Step 1: Start the Public Server

The server listens on:

  • :8080 β†’ control plane (agents)
  • :80 β†’ public traffic
sudo go run server/main.go

Step 2: Start Your Local Application

Example: expose a service on port 3000.

python3 -m http.server 3000

Step 3: Start the Client (Agent)

Run on the private machine:

go run client/main.go

Step 4: Access the Tunnel

Open in browser:

http://website.localhost

For local testing, add:

127.0.0.1 website.localhost

to /etc/hosts.


🧠 Protocol Specification

ForgeTunnel does not use HTTP for transport.

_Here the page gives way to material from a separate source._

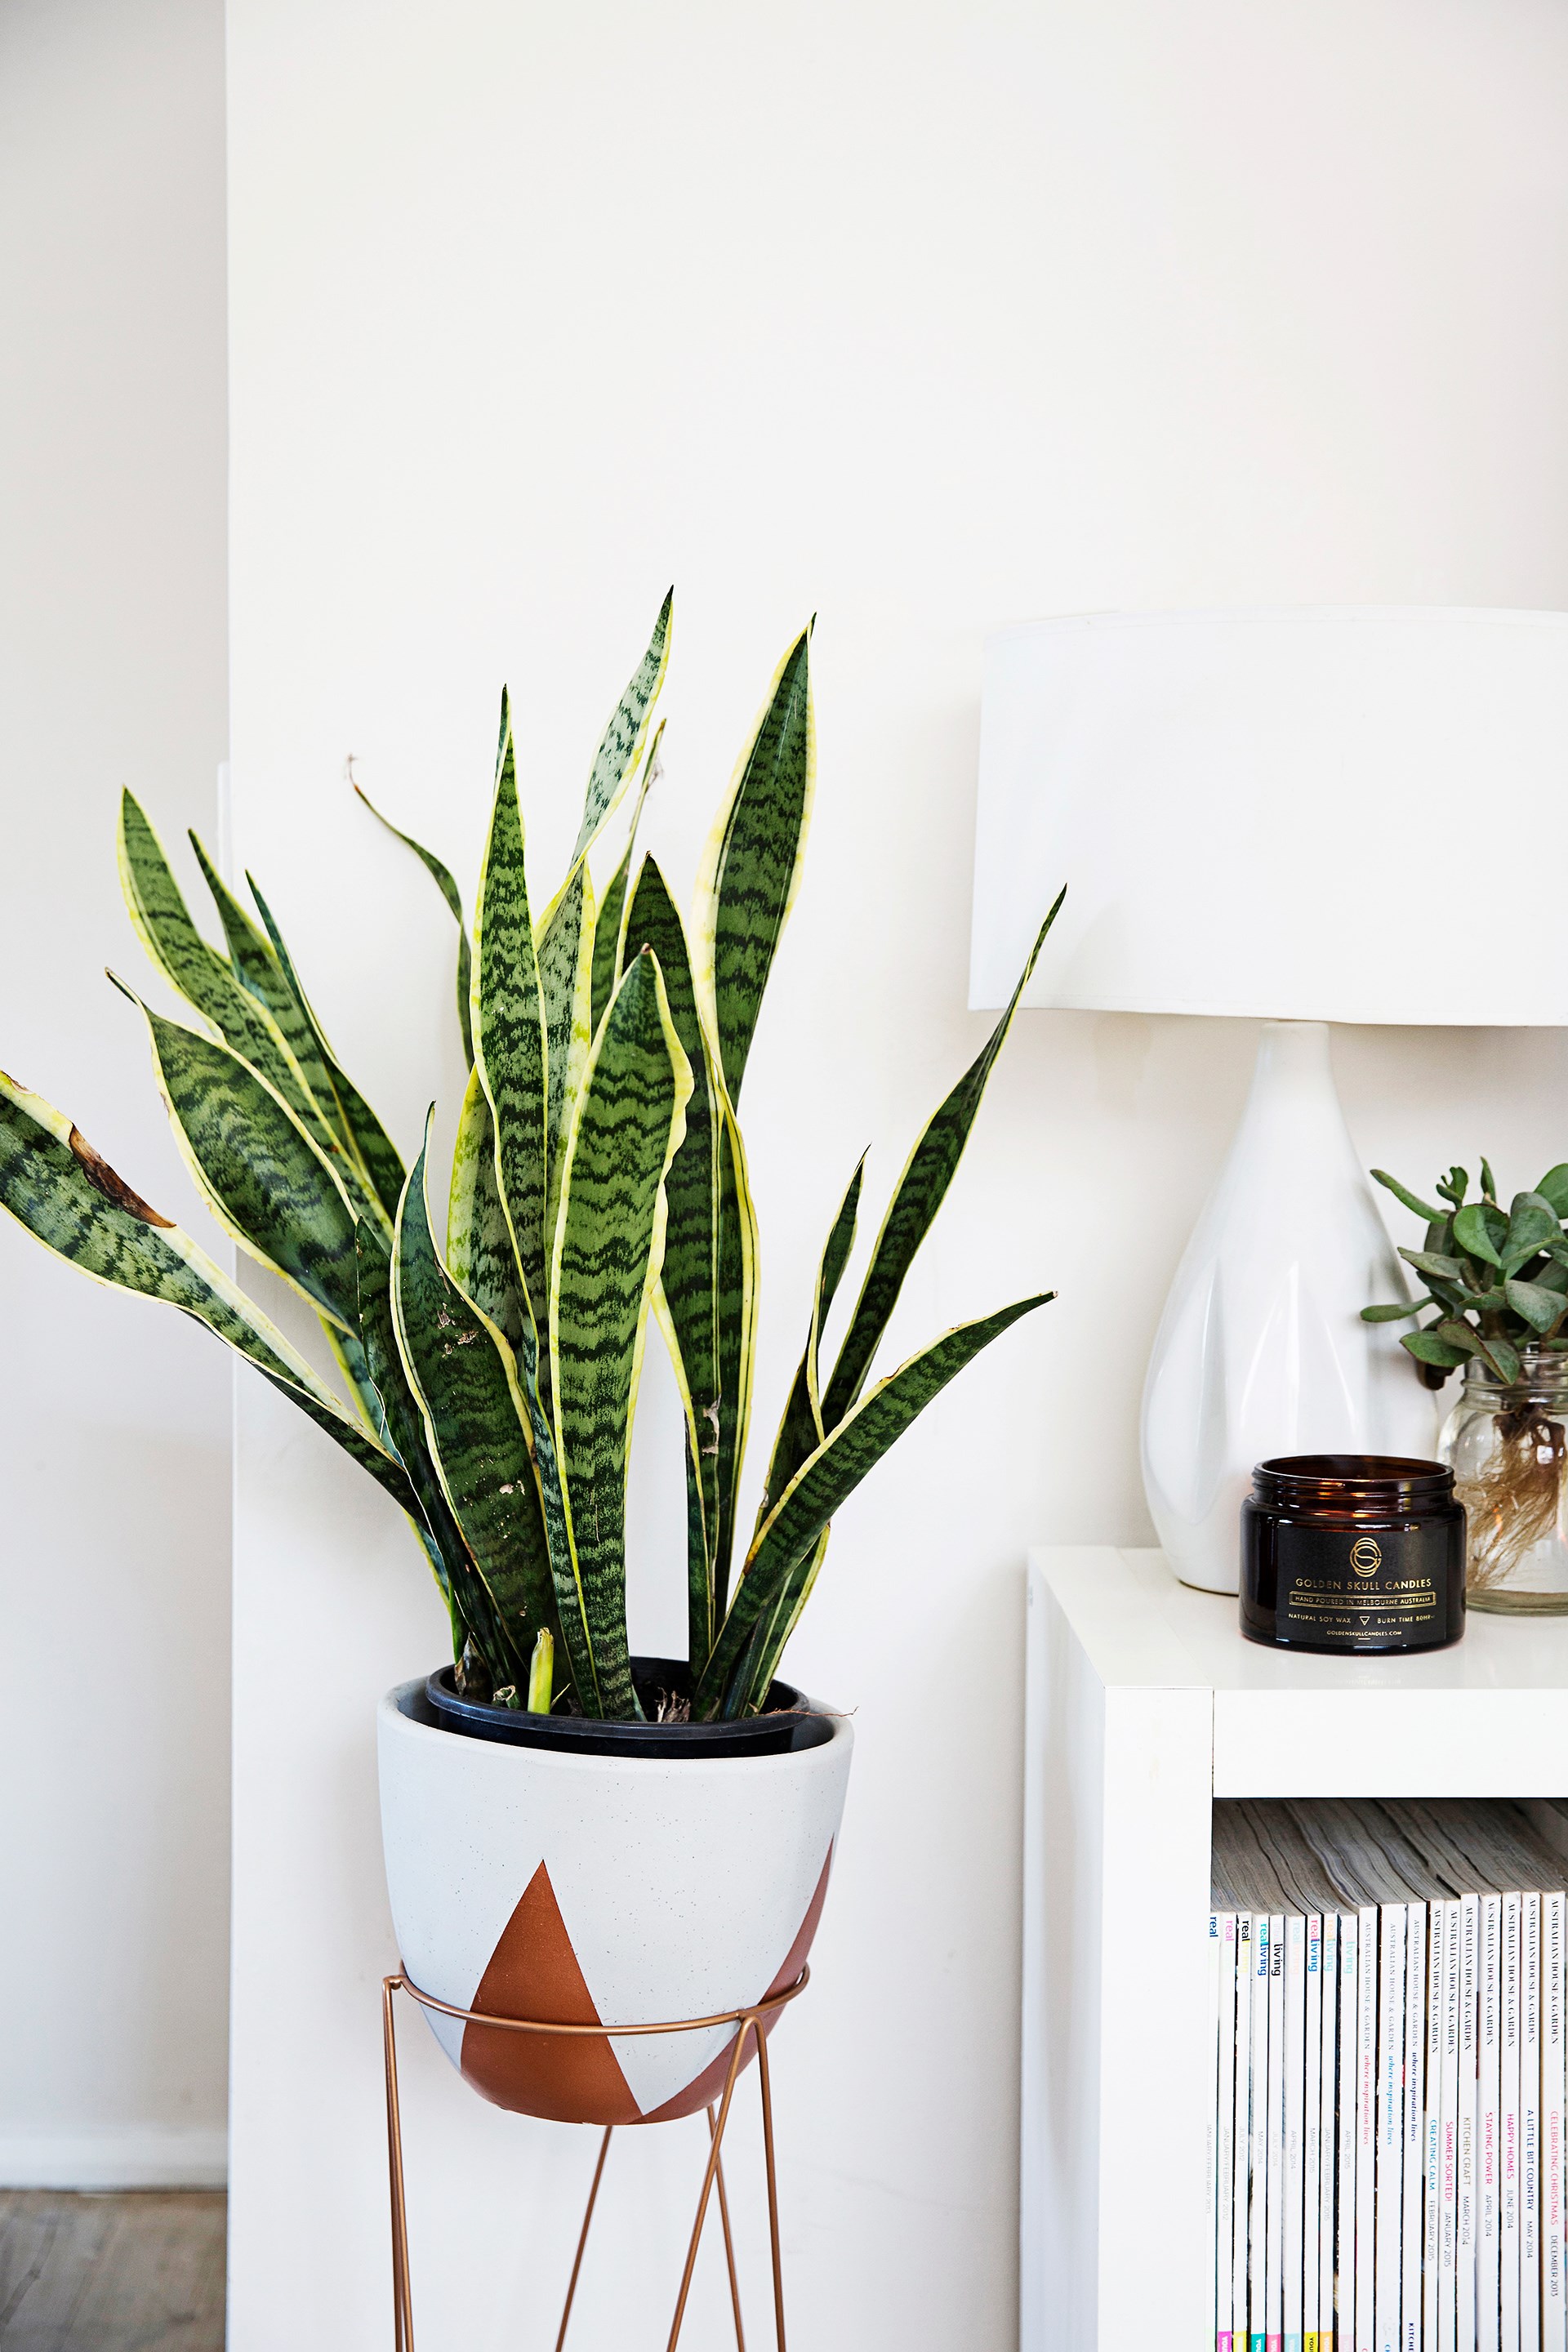 Keep this popular houseplant up high in a decorative plant stand. Photo: James Henry / bauersyndication.com.au

All data flows over raw TCP frames:

[ Length (4 bytes) ]
[ Kind (1 byte) ]
[ StreamID (4 bytes) ]
[ Encrypted Payload (N bytes + GCM Tag) ]
  • Kind: 0=Handshake, 1=Control, 2=Data
  • StreamID: Multiplexed request/response identifier
  • AAD: (Kind + StreamID) bound to payload for integrity

πŸ“Š Benchmarks & Performance

πŸ“Έ Benchmark Screenshots

The following terminal screenshots were captured during real benchmark runs and are included for transparency and verification.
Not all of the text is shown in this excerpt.